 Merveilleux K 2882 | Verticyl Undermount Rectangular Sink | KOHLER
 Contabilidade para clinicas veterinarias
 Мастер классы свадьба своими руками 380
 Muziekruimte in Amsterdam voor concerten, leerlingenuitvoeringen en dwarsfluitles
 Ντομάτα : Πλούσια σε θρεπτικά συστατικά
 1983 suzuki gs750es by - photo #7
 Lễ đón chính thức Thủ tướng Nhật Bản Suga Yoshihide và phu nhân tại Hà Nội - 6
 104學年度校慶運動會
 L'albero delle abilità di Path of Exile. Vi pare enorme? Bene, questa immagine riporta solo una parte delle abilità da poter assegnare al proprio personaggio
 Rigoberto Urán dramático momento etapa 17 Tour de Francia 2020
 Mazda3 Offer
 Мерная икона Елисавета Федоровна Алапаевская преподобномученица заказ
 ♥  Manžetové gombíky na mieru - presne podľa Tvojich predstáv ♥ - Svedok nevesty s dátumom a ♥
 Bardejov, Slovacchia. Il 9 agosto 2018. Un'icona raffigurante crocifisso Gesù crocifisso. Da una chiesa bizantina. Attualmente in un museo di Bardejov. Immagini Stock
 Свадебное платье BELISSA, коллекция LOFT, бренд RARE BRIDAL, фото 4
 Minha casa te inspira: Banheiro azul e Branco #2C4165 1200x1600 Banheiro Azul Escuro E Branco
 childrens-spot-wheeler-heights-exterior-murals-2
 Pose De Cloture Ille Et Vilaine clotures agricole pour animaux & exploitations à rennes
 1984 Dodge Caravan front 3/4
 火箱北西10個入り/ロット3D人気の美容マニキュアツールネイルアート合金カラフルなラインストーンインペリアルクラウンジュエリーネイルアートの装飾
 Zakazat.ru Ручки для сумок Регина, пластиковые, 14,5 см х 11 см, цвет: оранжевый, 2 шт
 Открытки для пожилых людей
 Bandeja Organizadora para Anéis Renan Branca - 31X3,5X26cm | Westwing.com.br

» What you need to do: Return verbatim each line from the one that mentions "childrens-spot-wheeler-heights-exterior-murals-2" to the end of the entries, inclusive.

» Exercise result:
 childrens-spot-wheeler-heights-exterior-murals-2
 Pose De Cloture Ille Et Vilaine clotures agricole pour animaux & exploitations à rennes
 1984 Dodge Caravan front 3/4
 火箱北西10個入り/ロット3D人気の美容マニキュアツールネイルアート合金カラフルなラインストーンインペリアルクラウンジュエリーネイルアートの装飾
 Zakazat.ru Ручки для сумок Регина, пластиковые, 14,5 см х 11 см, цвет: оранжевый, 2 шт
 Открытки для пожилых людей
 Bandeja Organizadora para Anéis Renan Branca - 31X3,5X26cm | Westwing.com.br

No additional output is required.